Published in Vallarta Tribune
by Christie Seeley
vallartasounds.com
The summer season has begun and with overcast skies, sometimes rain and a generally changed atmosphere. Many of our favorite entertainment venues have closed for the season here in Puerto Vallarta and we may find ourselves at a loss as to what to do. The good news is that some of our best musicians are still around and playing regularly for our listening pleasure.
The group Moruno composed of Ignacio Flores, Diego Mateo and Oscar Terrazas is playing incredible mediterranean music at several venues around the Zona Romantica. You can catch them in full form at Cuates y Cuetes Sunday and Tuesday evenings from 8:30-10:00. Nacho and Diego play Saturdays at Babel Bar from 1-3 and at the wonderful Greek Restaurant, Eclecticos, on Thursday and Saturday evenings from 8:30-9:30. \
Tatewari continues to entertain us with fiery flamenco music at Cuates y Cuetes on Wednesdays from 6:00-8:00 PM and Esaú Galvan of the group lights up the afternoon at Babel Bar with friend and flamenco maestro Lobo (Wolfgang Fink) playing improvised flamenco guitar on Sundays from 1:00 to 3:00, the likes of which you have never heard before. Esaú Galvan plays solo at Daiguiri Dick’s seaside restaurant from 7:30-9:30 on Sunday evenings.

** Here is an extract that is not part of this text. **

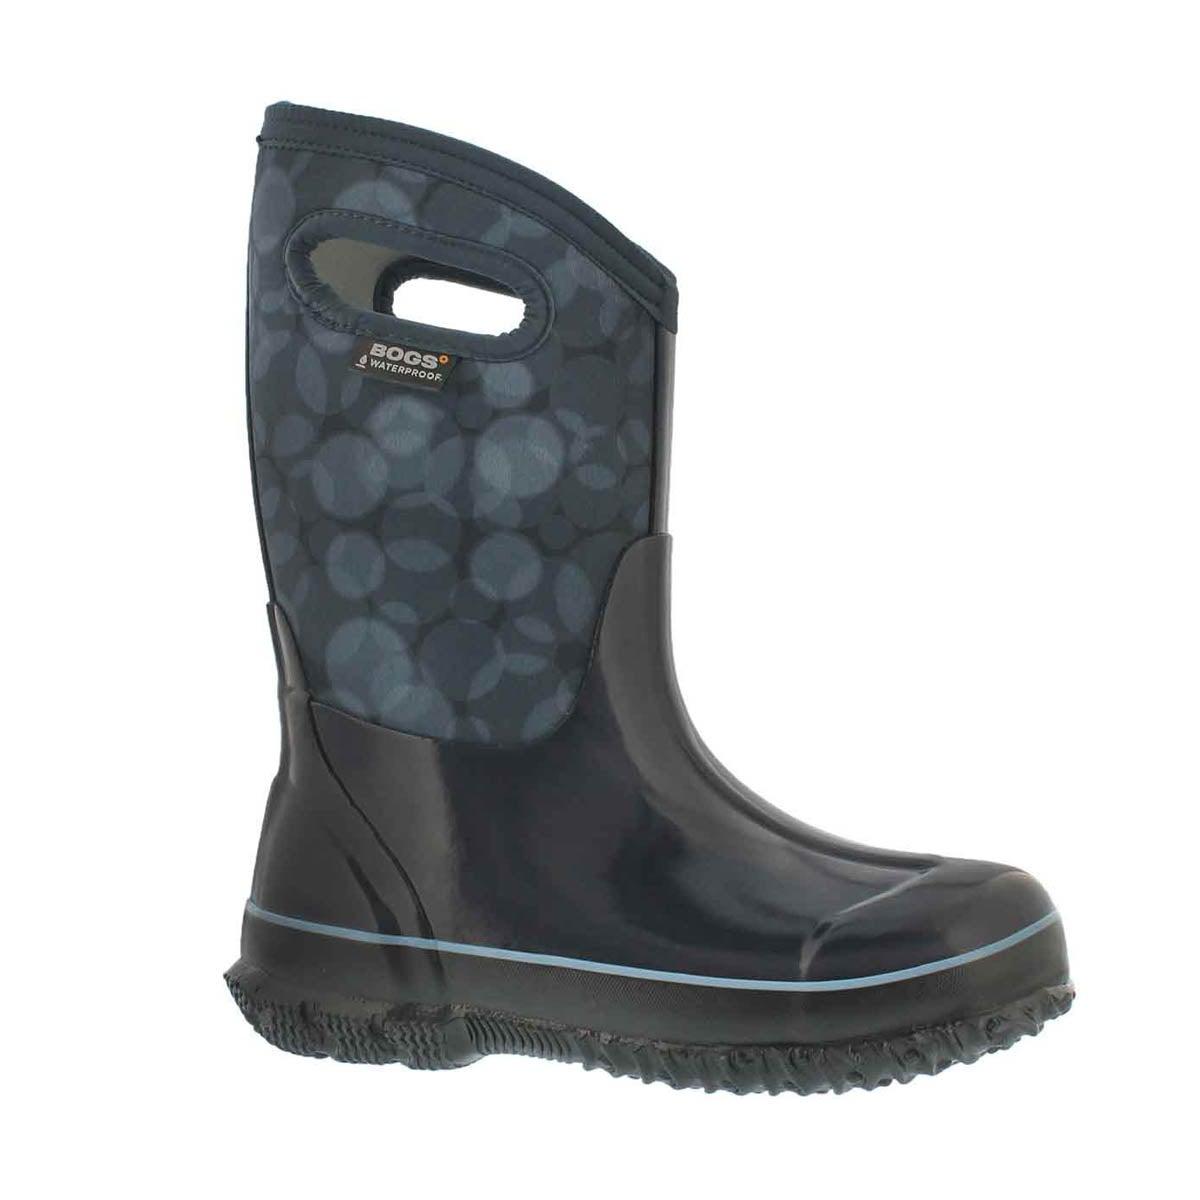 Girls' CLASSIC RN blue multi waterproof boots

A friend and I took advantage of a somewhat quieter period and embarked on a short trip to an enchanting town near Mexico City in the state of Morelos. Tepotzlan is designated as a UNESCO Magical City and is a short bus ride from the capital located only 30 minutes from the town of Cuervavaca. I had visited Tepotzlan many years ago intrigued by studies I had read in cultural anthropology classes at University that described the town as an typical Mexican town, untouched as yet by 20th century advances and known for the ancient ruins sitting at the top of the mountain overlooking the town.
My friend and I flew Viva Aerobus to Mexico City, took a cab to the bus station and boarded a bus to Tepotzlan. The town is of course larger than when I visited but quite unchanged in its buildings and atmosphere. A quiet, relaxing and reputedly spiritual town, it is nestled at the base of picturesque mountains. The fog rises softly off the town in the mornings to the sound of birds and roosters as the town wakes. There are several sites to visit, including and ex-convent which at present houses an inspiring collection of photographs of the Mexican revolution, highlighting the carrer of Emiliano Zapata. The cathedral is off limits at present due to restoration but the nearby market is lively.

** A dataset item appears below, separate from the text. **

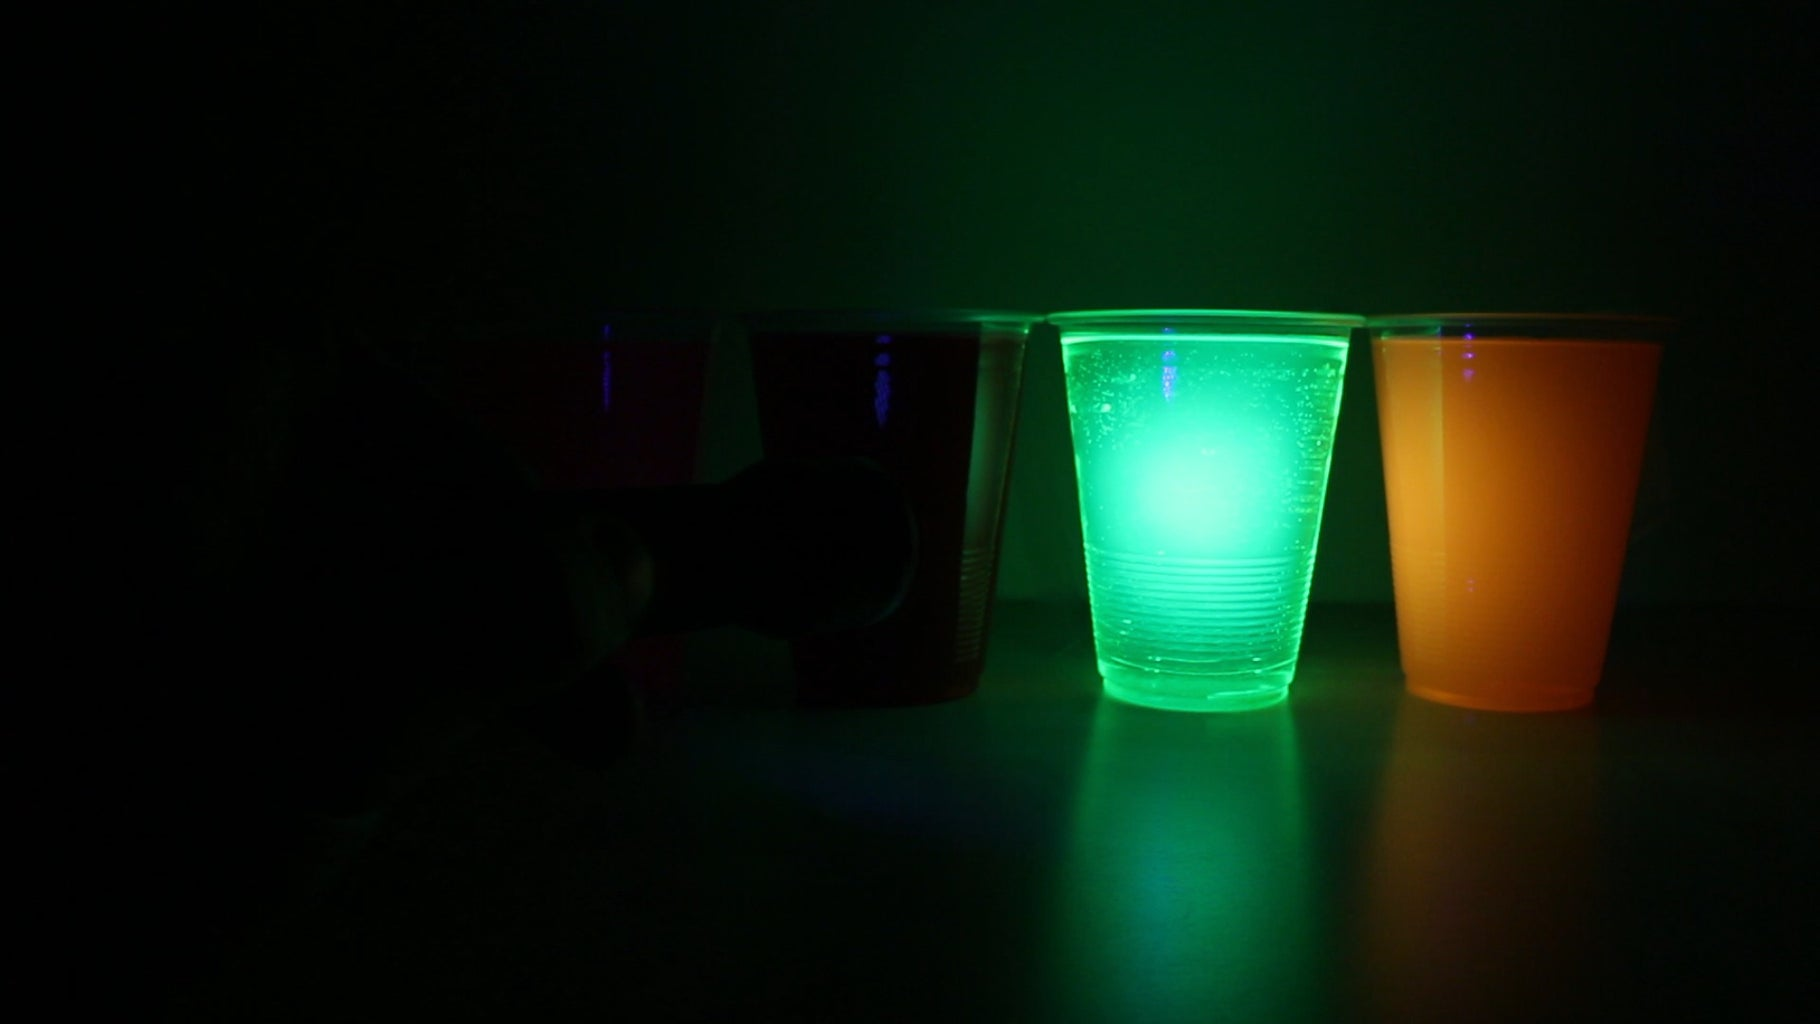 Making the Glowing Liquid

We took a side trip to Cuernavaca one day, a half hour cab ride away, and thoroughly enjoyed seeing the Robert Brady Museum. Brady converted a Franciscan convent into his home during his lifetime and there you can see his home and collection of art and artifacts from his flamboyant but short life as painter and bonvivant. Some key buildings in Cuernavaca were badly damaged by the 1987 earthquake and remain semi closed but the architecture of the center is spectacular. It is a busy downtown with curving streets and a marvelous feeling of its splendid past. The city, called City of Eternal Spring for its pleasing climate, has long welcomed Mexico City families who built homes there as well as Expats who settled there including the famous Hollywood group persecuted by the witch hunt of the FBI during the McCarthy era of the late 40’s and early 50’s.

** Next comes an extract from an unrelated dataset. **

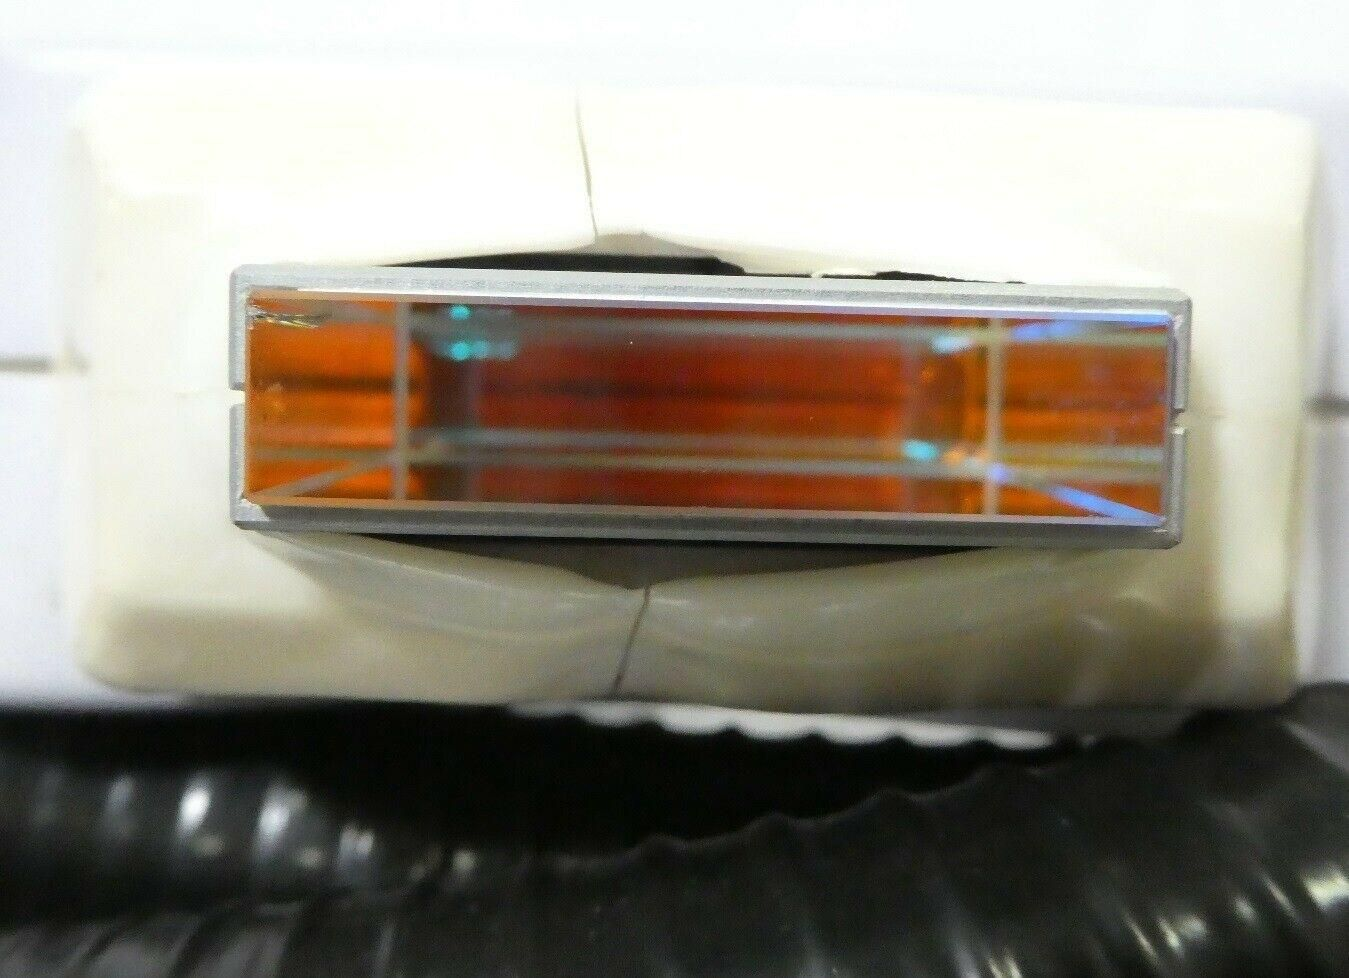 R159331 Lumenis IPL Quantum SR 560 N Laser Treatment Head SA362002-F SR560

Our last night we dined at a lovely restaurant called La Veladora set in a lush garden with views of the surrounding mountains and were treated to a spectacular thunder and lightening storm which continued throughout the night. All in all, we were happy to have the experience of visiting a different part of Mexico and were indeed happy to return to our lovely home by the sea and, of course, it’s wonderful music.